The back-end protocols used by the L1 Trigger processors operate asynchronously with respect to the LHC clock, as described in 7.2.4. Usually, the trigger algorithms run with a multiple of the LHC 40.078 MHz clock. Data words are handled by the transceiver using the parallel link clock. The frequency at this domain is defined by the line rate of the transceiver and the width of the parallel data bus. The reason of implementing an asynchronous architecture is to allow the transmitting line rates and the reference clock frequency be chosen freely, following the standards set by industry, while in parallel maintaining synchronization of physics data with the LHC clock.

The implementation of the asynchronous architecture was introduced in CMS already since 2006 and is currently used by the Phase-1 Trigger link protocol. The architecture instantiates a FIFO and a dual port Block RAM (BRAM) in the trans-
mitter and receiver data paths respectively. As illustrated in Figure 7.6, both of them are placed between the algorithm (payload) block and the MGT transceiver. This architecture can operate successfully only when the algorithm clock rate is lower than that of the link clock. Since the latter's rate is fixed by the line rate of the link, the algorithm can run with maximum frequency which is multiple of the LHC clock and yet remains lower than the link clock. This technique guarantees that no data loss would ever occur due to FIFO overflow.

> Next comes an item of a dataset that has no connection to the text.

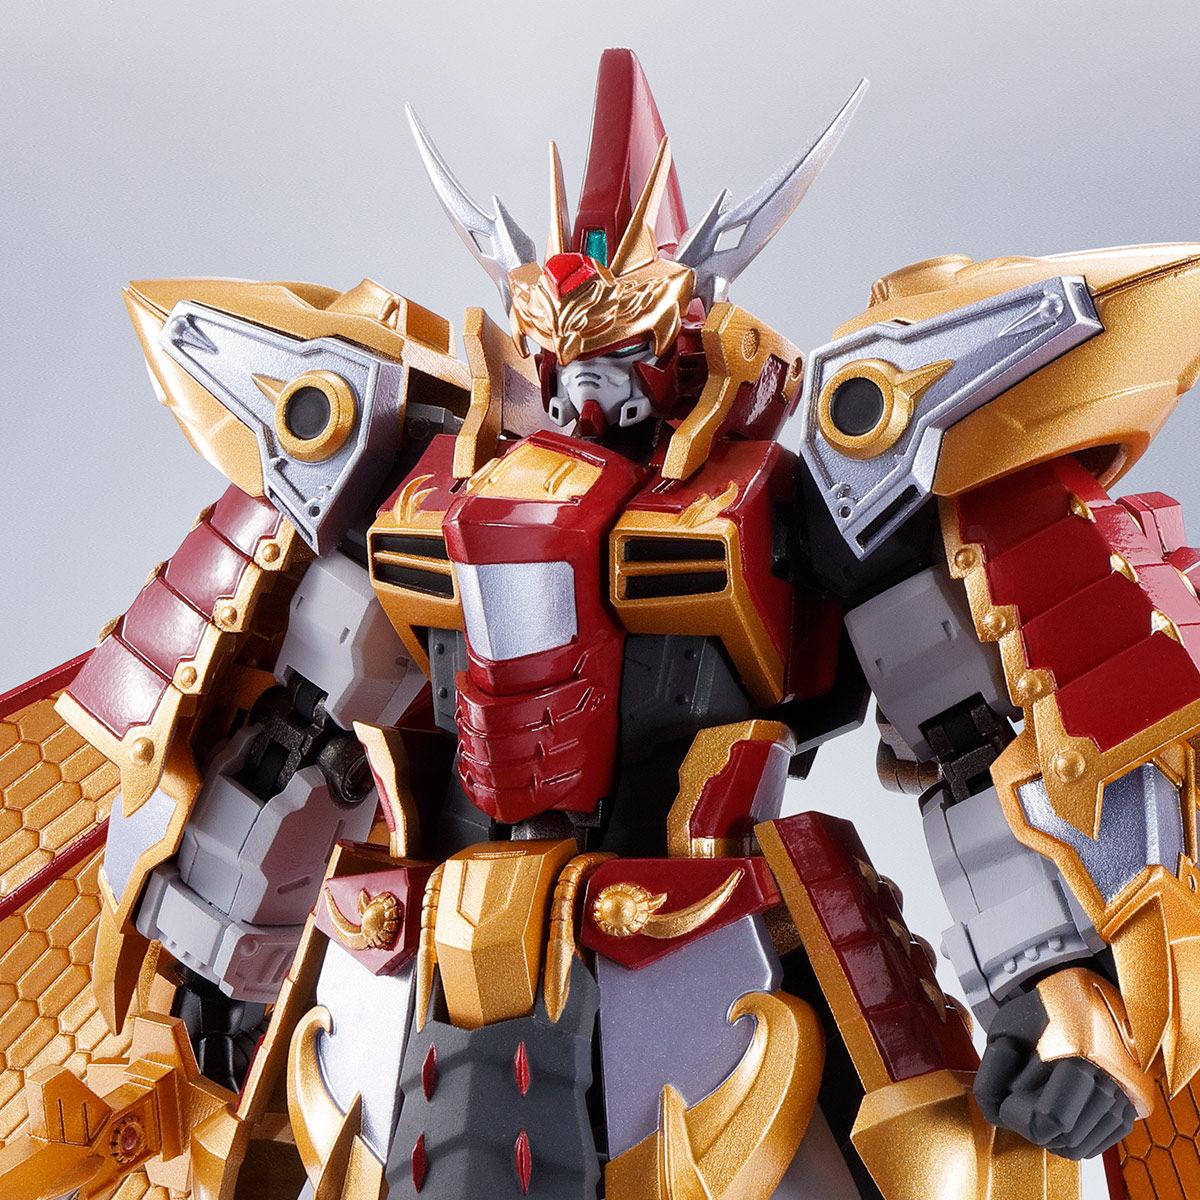 Bandai Metal Robot Spirits /<Side MS/> CaoCao Gundam Real Type Ver Action Figure
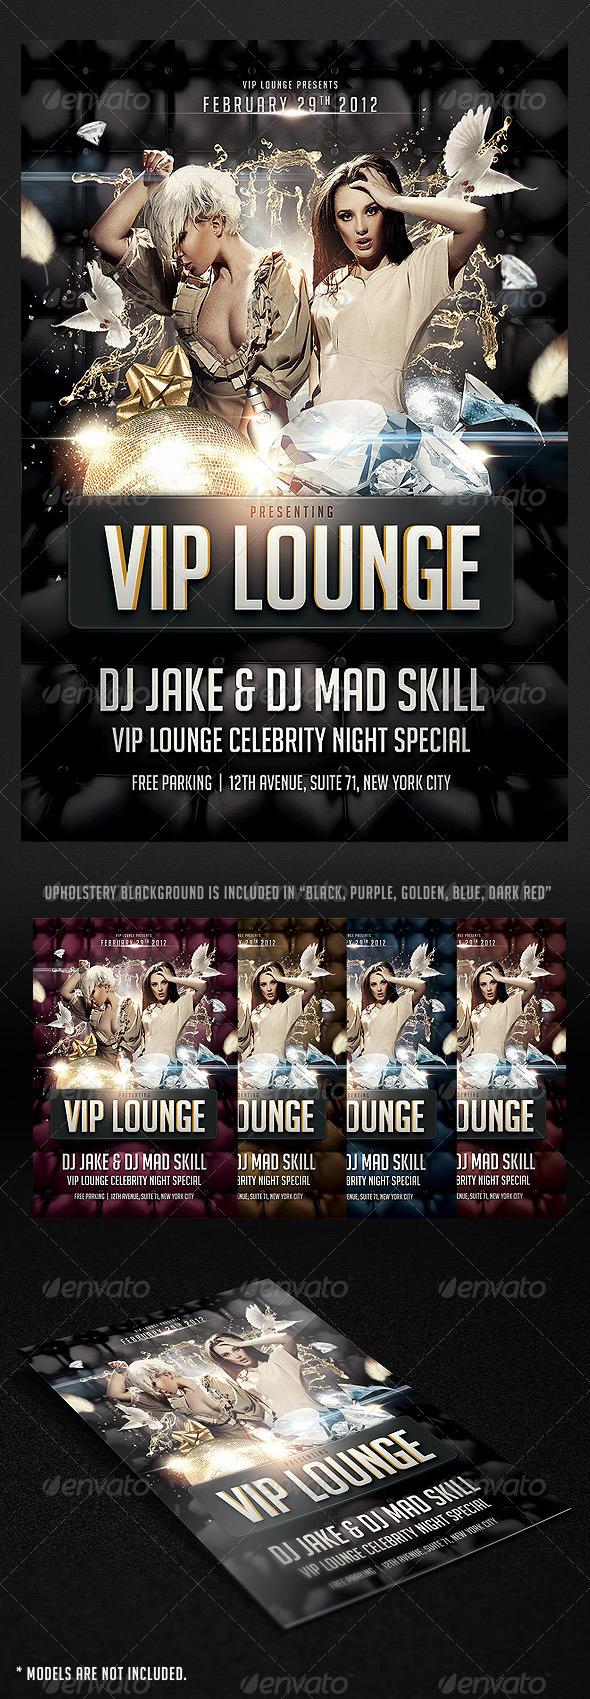 GraphicRiver VIP Lounge Flyer 1679940

**Figure 7.6:** Block diagram of Hermes protocol. Arrows illustrate data propagation through the transmitter and receiver data paths, flowing between the payload block and the MGT.

This difference in clock domain rates also results to a bandwidth difference. The additional bandwidth is called filler bandwidth and it is compensated by transmitting padding words, generated when the Tx FIFO is empty. Its size is the subtraction of the algorithm bandwidth from the total link bandwidth. For example, in 25.78125 Gb/s links the maximum payload clock can be 360 MHz resulting in 23.04 Gb/s of algorithm bandwidth. The remaining 2.74125 Gb/s is the filler bandwidth. Since the latter is generated in the link domain of the transmitter, it is imperative that it will be detected and removed in the link domain of the receiver. Otherwise, data coming out of the Rx BRAM will go out of sync. To avoid such occurrences, the usage of two FEC schemes has been introduced, as described in section 7.4.7.

### 7.4.3 Framing Layer

The kinds of 64-bit words, or frames, specified by Hermes are shown in Table 7.2. They consist of Data and Control words, with the latter consisting of two categories: Idle and Filler control words. The Idle control word is a null frame that is transmitted when the payload block has no valid data to send. Thus, it belongs to the algorithm domain, same way as Data frames. Filler control words are generated in the Filler Generator block and belong to the Filler bandwidth. The nature of every frame (Data or Control) is defined by the value of the Header, which is set by a user indicator, called *Valid bit*. When the Valid bit is zero, the Frame Builder block generates and

transmits Idle words. When one, the Frame Builder transmits the data coming from the Payload block. The kind of Control words is defined in the Control Word Type (CWT) field. The transmission of Filler words is invisible to the user. As illustrated in the block diagram of Figure 7.6, a Filler detection block exists in the receiving datapath and removes any Filler before they are written inside the Rx BRAM. The only frames written inside it are Data and Idle control words.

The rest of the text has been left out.